L'implacable général serbe de Bosnie Ratko Mladic répond mercredi pour génocide devant le TPIY. Mais dans les Balkans ravagés par les conflits des années 1990, ses troupes et leurs anciens ennemis mènent désormais un autre combat, celui pour la paix et la réconciliation.
Réunis récemment à Sarajevo sous le mot d'ordre "En première ligne durant la guerre, en première ligne pour la paix", des représentants de trois organisations d'anciens combattants -une de Serbie, une de Bosnie et une de Croatie qui regroupent environ 25.000 membres - affirment oeuvrer pour éviter à jamais les horreurs du passé.
Les conflits dans l'ex-Yougoslavie ont fait plus de 130.000 morts et plus de trois millions de réfugiés ou de personnes déplacées.
"Tout ce qui s'est passé était une énorme bêtise. Nous avons tous beaucoup perdu", reconnaît le président d'une association bosnienne d'anciens combattants, Narcis Misanovic.
Résumant l'opinion générale, Narcis explique: "Nous pouvons utiliser notre statut de héros, chacun auprès de nos concitoyens, pour éviter à nos enfants et aux générations futures de vivre ce que nous avons vécu".
Timides, ils ont réussi à briser les préjugés en établissant des contacts sporadiques il y a quelques années via une ONG locale, avant de réaliser récemment qu'ils n'ont plus besoin d'être chaperonnés.
Loin des projecteurs des médias, accueillie par le restaurant Knez dans la partie serbe de Sarajevo, la réunion se déroule dans une ambiance joviale.
"Ljuban et moi, on a tiré l'un sur l'autre en Slavonie, pendant la guerre" de Croatie (1991-95), dit le Croate Djuro Pejak, en pointant vers son désormais-camarade serbe, Ljuban Volas, qui sourit en signe de confirmation.
"On était sur la même ligne de front et maintenant on est assis autour de la même table", poursuit-il.
Zeljko Vukelic, président de l'association serbe, explique ce qui unit les participants: "Nous avons tous été des soldats honnêtes (...) nous n'avons pas fait la guerre pour violer, piller ou abuser.
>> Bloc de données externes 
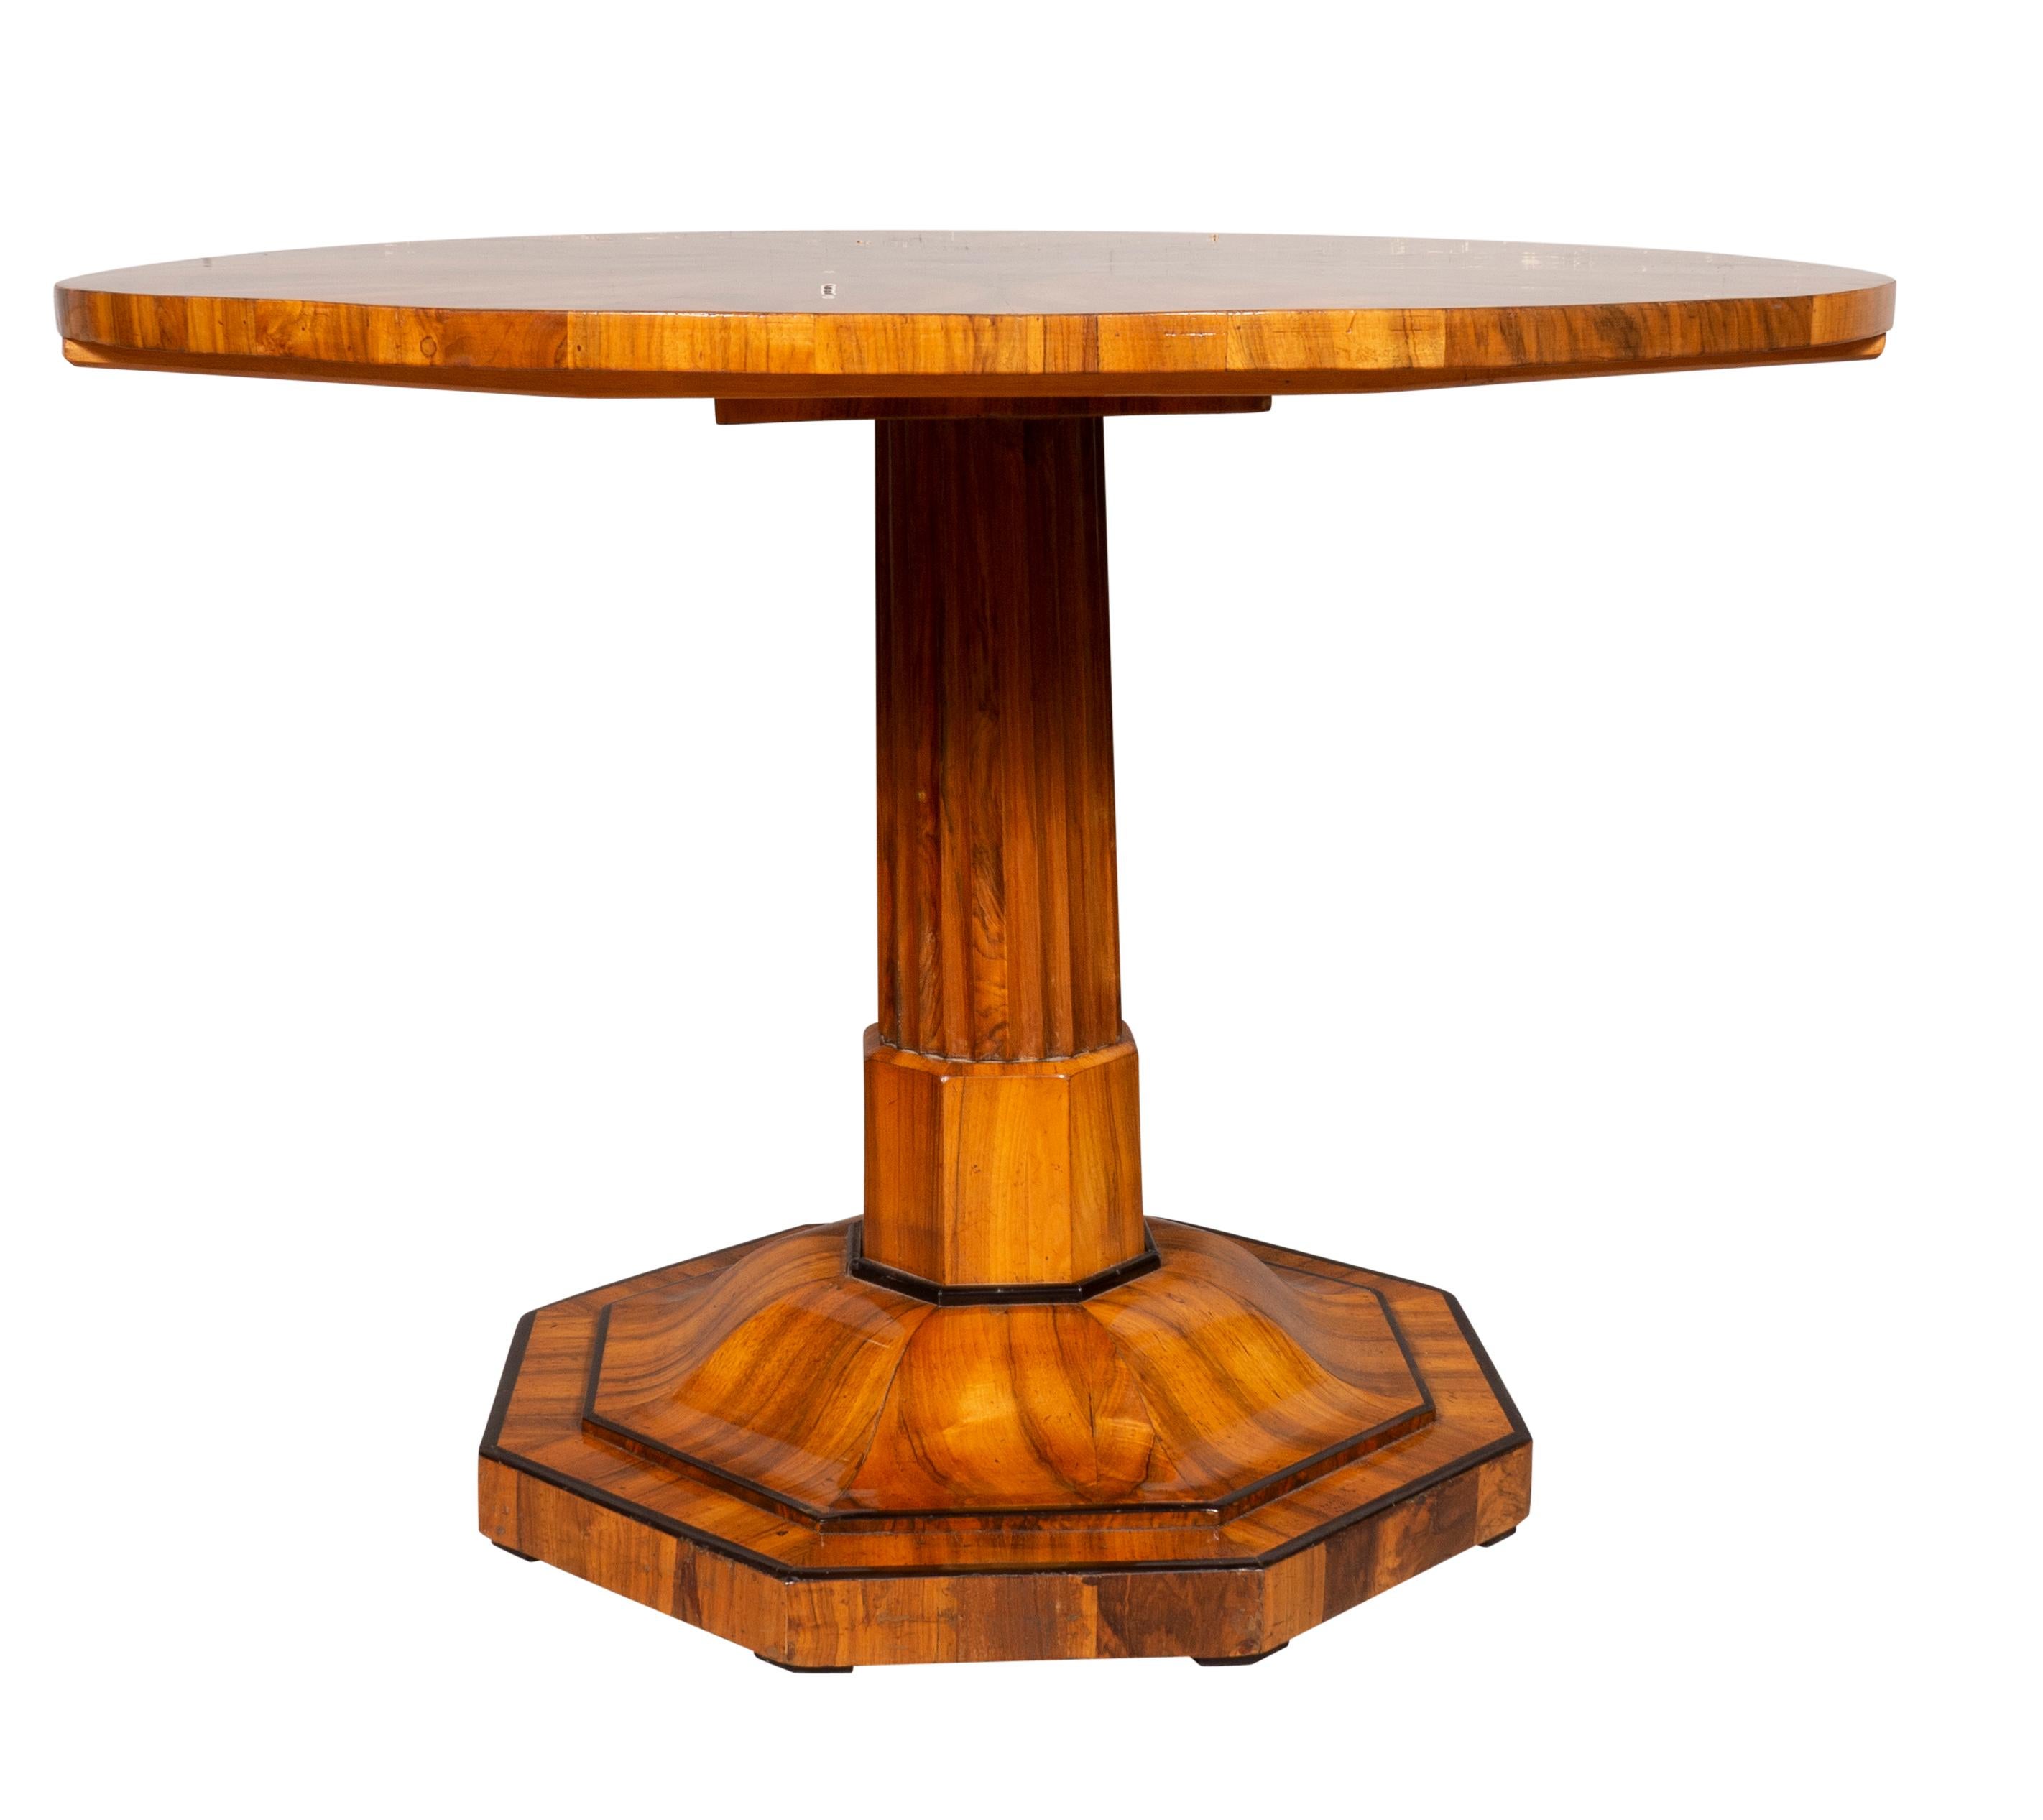 Circular hinged top with sunburst inlay creating a star. Fluted columnar support joining an octagonal plinth base.

C'est pour cela que je peux parler aux gens à Zagreb, à Sarajevo ou ailleurs", souligne-t-il.
Zeljko dit espérer que le procès de Ratko Mladic, inculpé de génocide pour son rôle dans le conflit bosnien (1992-95) contribuera à la réconciliation.
"Je m'attends à ce que la vérité soit établie quel que soit le verdict, même s'il est douloureux" pour ceux des Serbes qui considèrent encore Mladic comme un héros, ajoute-t-il.
Le réseau prévoit la mise en oeuvre d'ateliers où les ex-combattants pourraient parler de leurs expériences surtout aux jeunes, qui ont grandi entourés d'histoires de haine et d'intolérance.
"Nous, nous sommes tous devenus amis et on se rend visite", assure Zeljko.
"Nous parlons de la guerre aussi et de ce qui s'y est passé. Il y a des choses sur lesquelles on ne peut pas être d'accord, mais nous continuons, c'est ça la tolérance", ajoute-t-il.
Les anciens combattants comptent également rassembler des informations pour aider les autorités à élucider le sort des quelque 10.000 personnes toujours portées disparues.
Mais le manque d'argent fait obstacle au développement de leur mouvement, les autorités faisant la sourde oreille à leurs demandes de soutien.
"Il n'existe pas une vraie volonté politique pour la réconciliation dans la région. Les hommes politiques ne le font qu'au niveau déclaratif car ils sont poussés par la communauté internationale", déplore Narcis.
Les membres du réseau sont néanmoins résolus à continuer. Le prochain rendez-vous est prévu en Croatie "lorsqu'on réussira à réunir l'argent nécessaire pour la logistique", explique Zeljko.